A few of these people are worth calling out, as I admire the journeys undertaken by them to reach their position as fintech leaders, as well as their passion and dedication.
Here is a small selection of leaders from the 2016 Fintech Asia 100 list (in alphabetical order):
1. Alex Scandurra, CEO of Stone & Chalk (Australia)
Alex Scandurra has quickly adapted from his time at Barclays working on the Techstars accelerator programme to being at the centre of the New South Wales government’s efforts to make Sydney a genuine fintech centre for Asia. He has helped set up a terrific space, community and programme to foster fintech startups based in Sydney, and is building good connections with the rest of Asia. For a man juggling all types of stakeholders and a rapidly growing sector, he displays the passion needed to lead the industry forward.
2. Brad Jones, CEO of Wave Money (Myanmar)
Wave Money is a joint venture established between telco Telenor and Yoma Bank. The venture will provide mobile financial services to the mass market in Myanmar, and aimed to have commenced operations in the fourth quarter of last year. Brad Jones is an experienced executive – a very good operator and leader – specialising in digital finance, mobile money and business transformation in developing markets, including Asia, Africa and the Middle East. Jones builds strong loyal teams, intent on making very positive impacts in markets that need it.
3. Chanda Kochhar, CEO and MD of ICICI Bank (India)
ICICI is India’s largest private sector bank. Chanda Kochhar is widely recognised for her role in shaping the retail banking sector in India and for her leadership of the ICICI Group, as well as her contributions to various forums in India and globally. Her focus on ‘mobile banking’ in rural areas to reach more clients has been praised as a model for low-cost expansion in a country with a burgeoning middle-class.
She has also been an outspoken proponent of clearer banking laws. She is a leader looking for democratic solutions in the industry that will help all Indian consumers.
4. Lucy Peng, CEO of Ant Financial (China)
Ant Financial is the finance arm of the enormous Alibaba Group founded by Jack Ma. Ant Financial started life as Alipay, the payments business, but it has expanded into a full-scale financial services firm. It now includes a money-market fund, a peer-to-peer lending service and a microloan programme for online entrepreneurs.
Like Ma, Lucy Peng is an ex-teacher. Though she lacks a typical management background, Ma picked her to oversee Ant Financial because of the principles of humility and passion that she values from her teaching days.
5. Matt Dill, Senior VP, Innovation and Strategic Partnerships at Visa (Singapore)
Matt Dill is focussed on identifying, developing and commercialising relationships with strategic non-FI partners, capable of extending the reach and utility of Visa’s payment network on behalf of consumers, issuers and acquirers globally. Dill’s quick grasp of both technical capabilities and deep business objectives, coupled with an ability to cut through to the simple needs or insights, make him a hugely valuable asset to Visa and a true thought leader globally.

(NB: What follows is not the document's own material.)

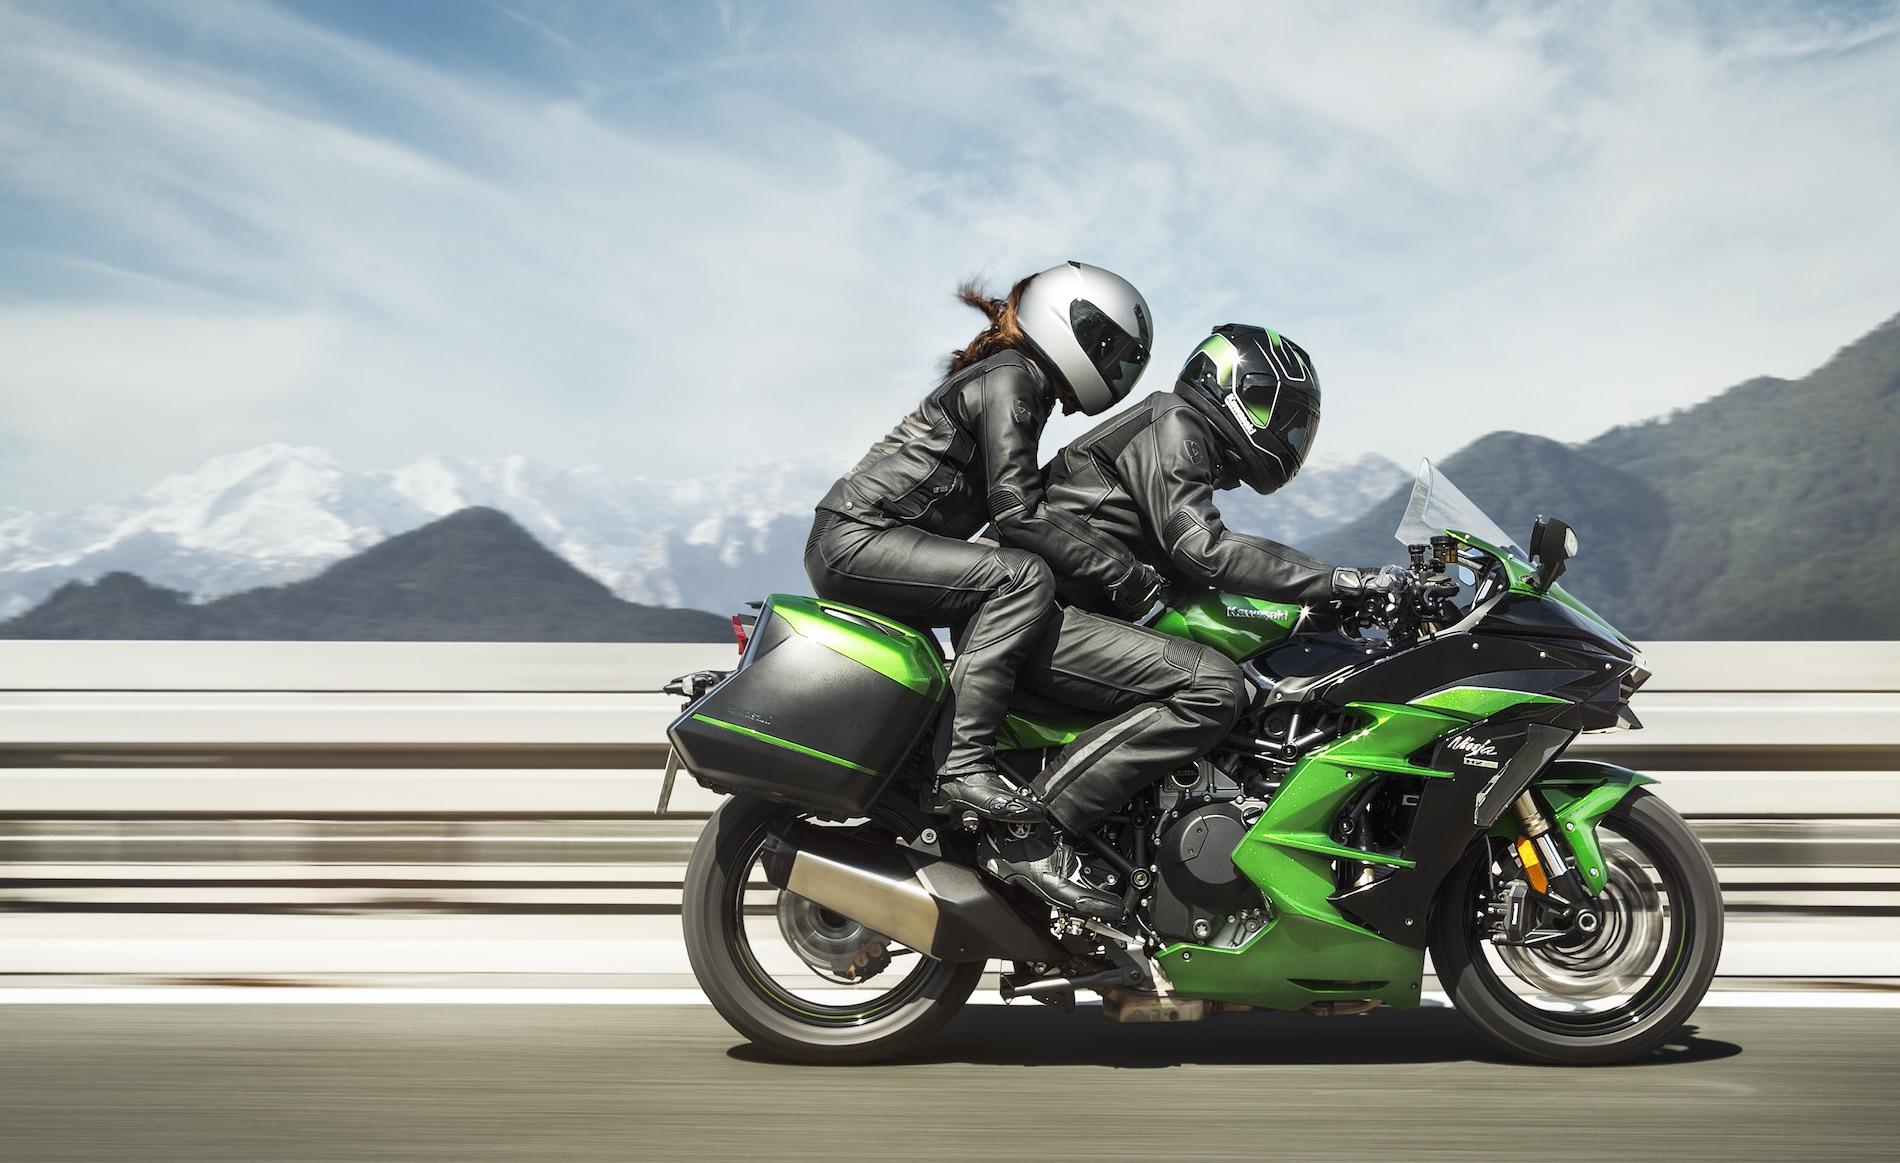 Kawasaki Ninja H2 SX y Ninja H2 SX SE 2018

6. Piyush Gupta, CEO at DBS Bank (Singapore)
Piyush Gupta is well-known for his stellar leadership of the large Singaporean bank over the past five years (Full disclosure: He is my boss but that’s not why he’s listed here). Not only have the positive numbers been consistently building, the bank is also building a culture of strong innovation with a focus on customer experience.
Gupta has stated publicly the need for his bank, and indeed all banks, to embrace the digital transformation ahead and is creating true actions to follow it up. He must also be one of the few bank CEOs to have created and run his own startup in his banking career.

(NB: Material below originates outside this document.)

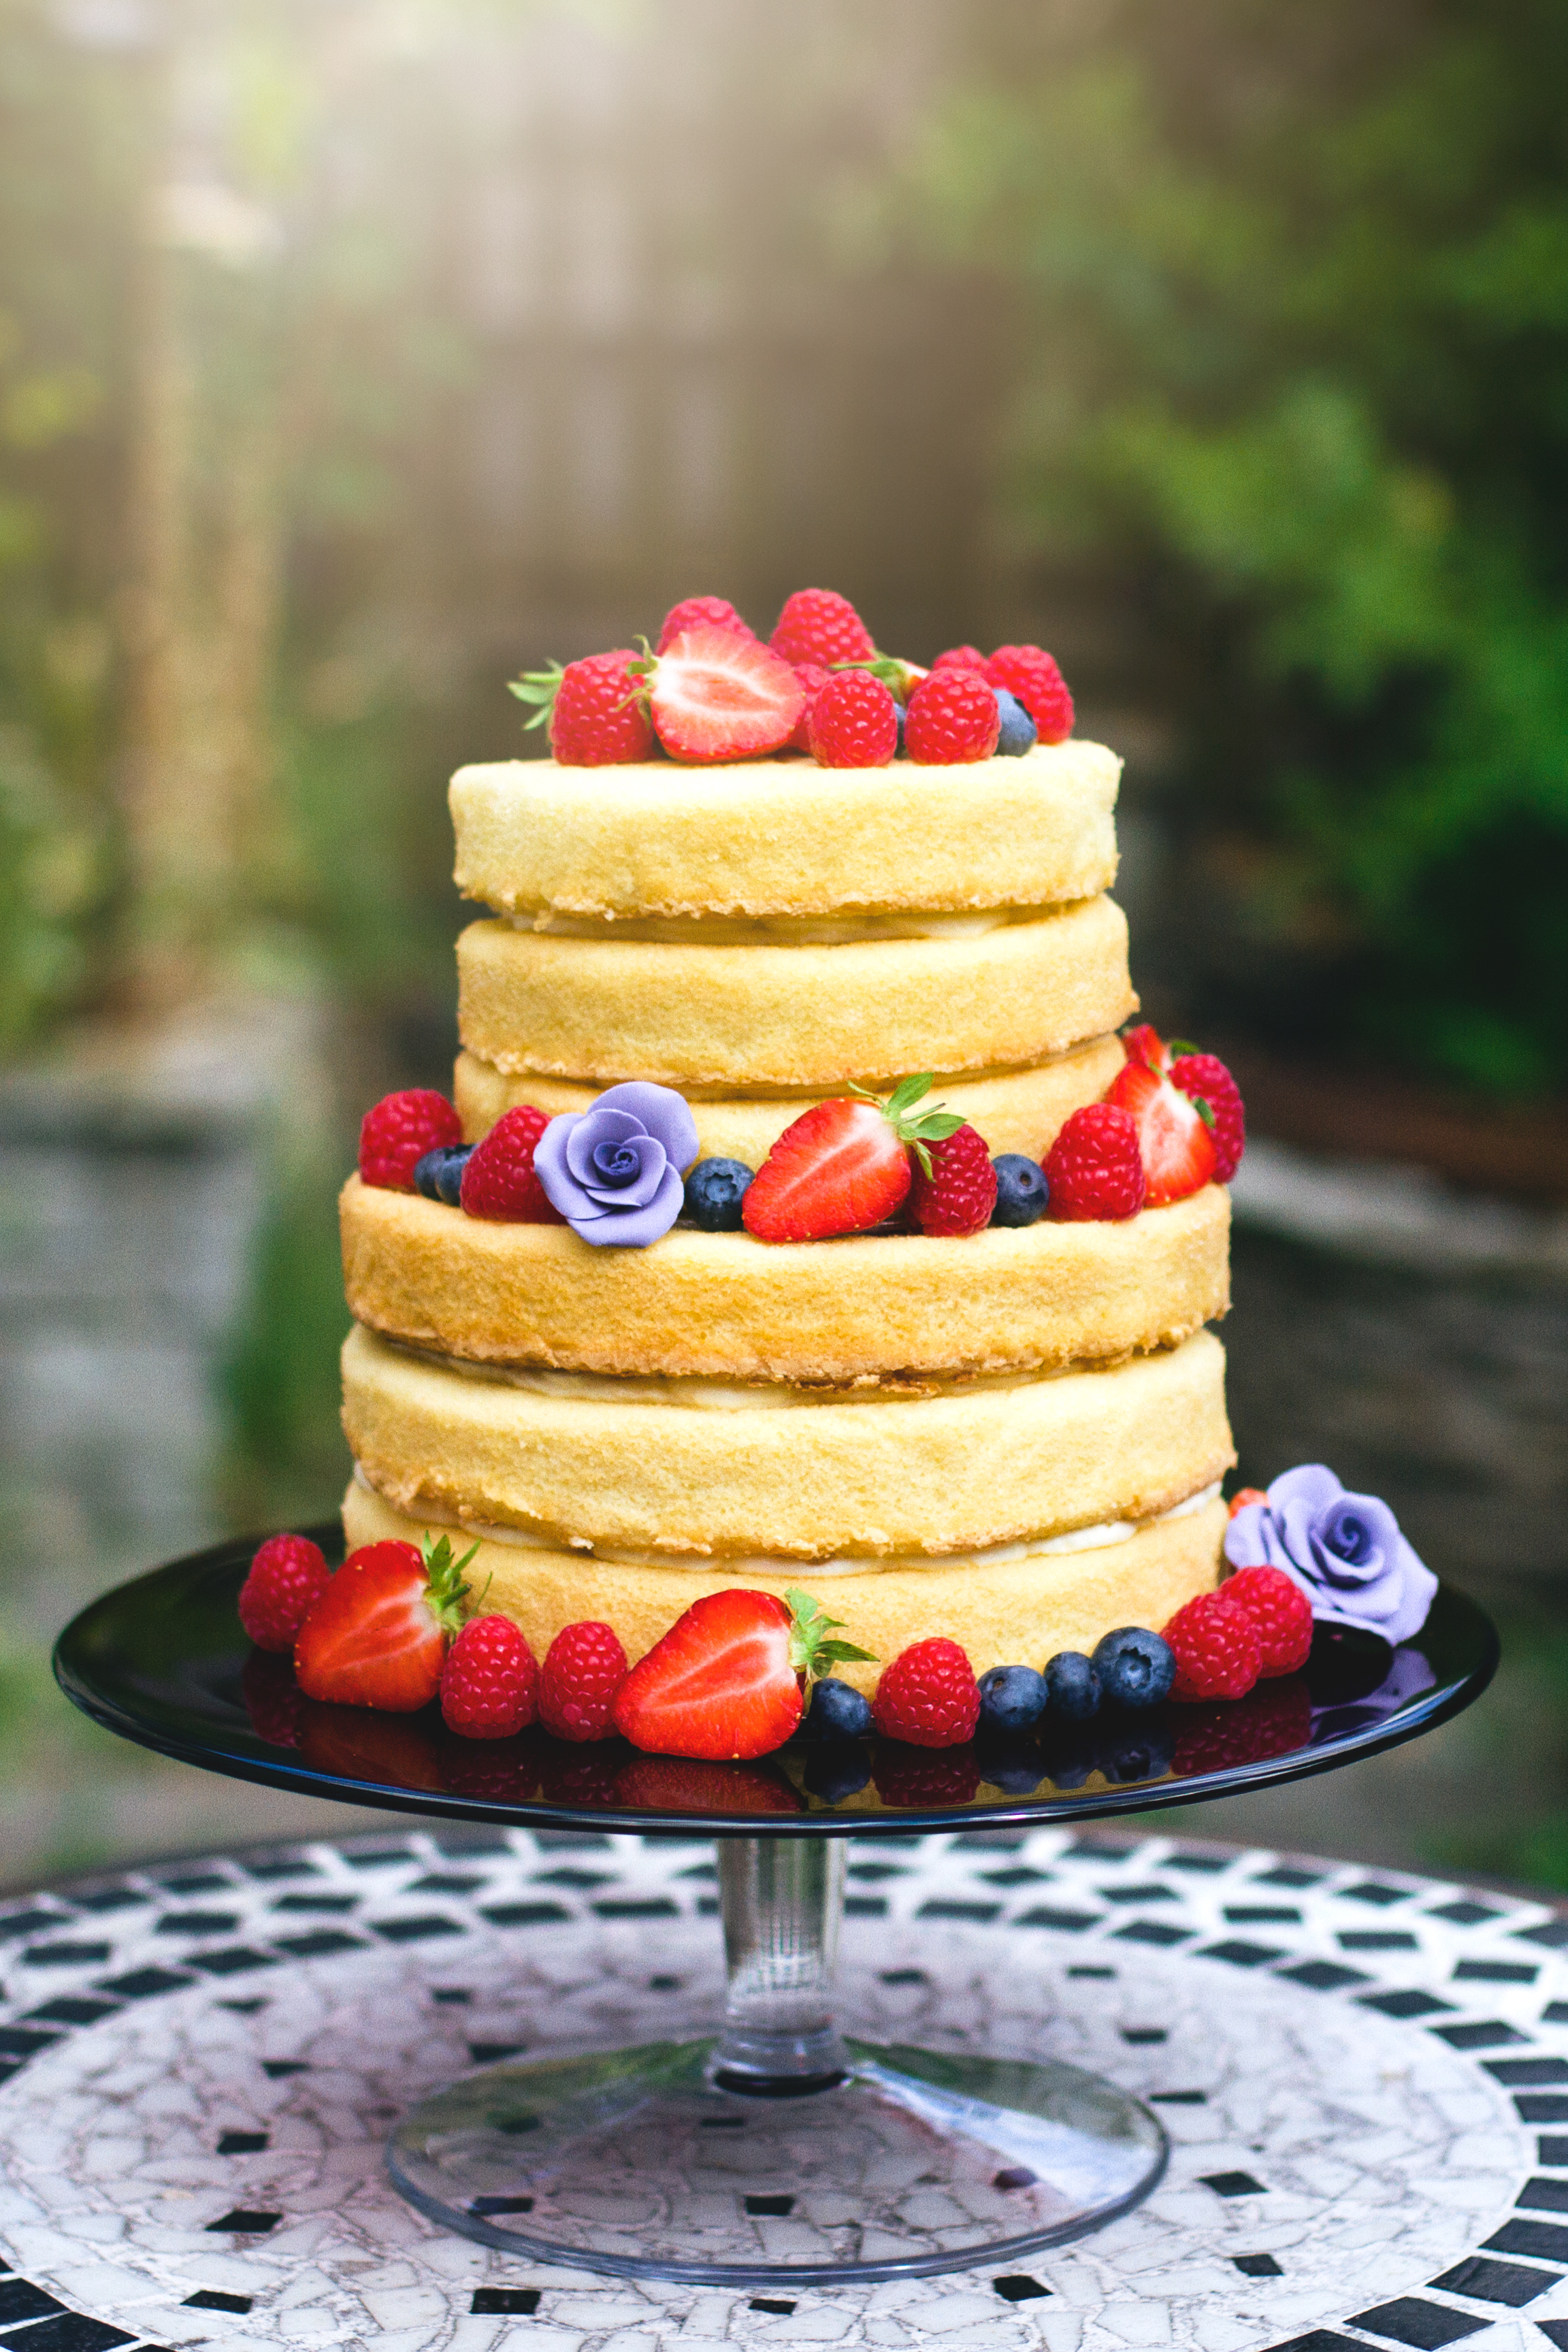 Naked wedding cake 2 tier gluten-free

7. Wei Hopeman, Managing Partner at Arbor Ventures (China)
Wei Hopeman brings with her a unique perspective in finance and technology spanning Silicon Valley, Greater China and Southeast Asia. She also brings a wealth of corporate and startup experience to the investment community in China, from her previous time at Citi Ventures and other organisations. A prominent thought leader and advocate for women in the industry, she is constantly pushing the industry to do better.

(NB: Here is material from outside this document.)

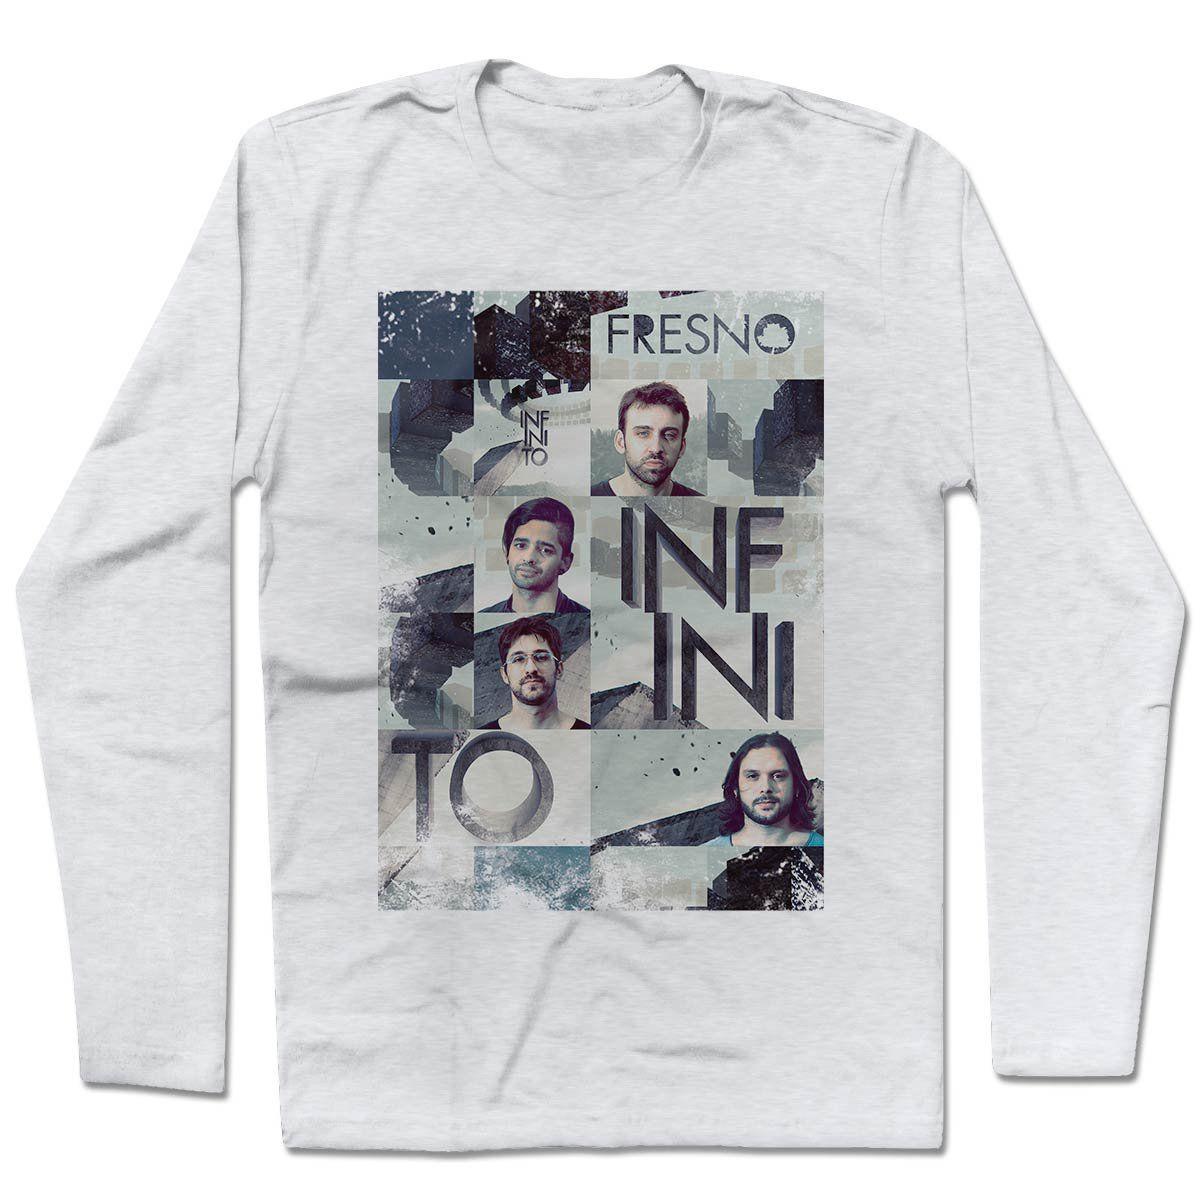 Camiseta Manga Longa Fresno - Mosaico Infinito

There are many others from the list who can all warrant a mention in the same light. The seven above offer a cross-section of the talent we have in the region and the way in which they have come to their positions of influence. We need them all to be an ongoing part of our industry here in Asia.
Stand up, get involved, be active
The Asian banking community could very easily allow these few people to do all the heavy lifting in re-envisioning the future. But it’s time for the rest of us to really step up. Asia’s emerging fintech leaders need to step forward and play very positive roles in making finance better for consumers, businesses and economies.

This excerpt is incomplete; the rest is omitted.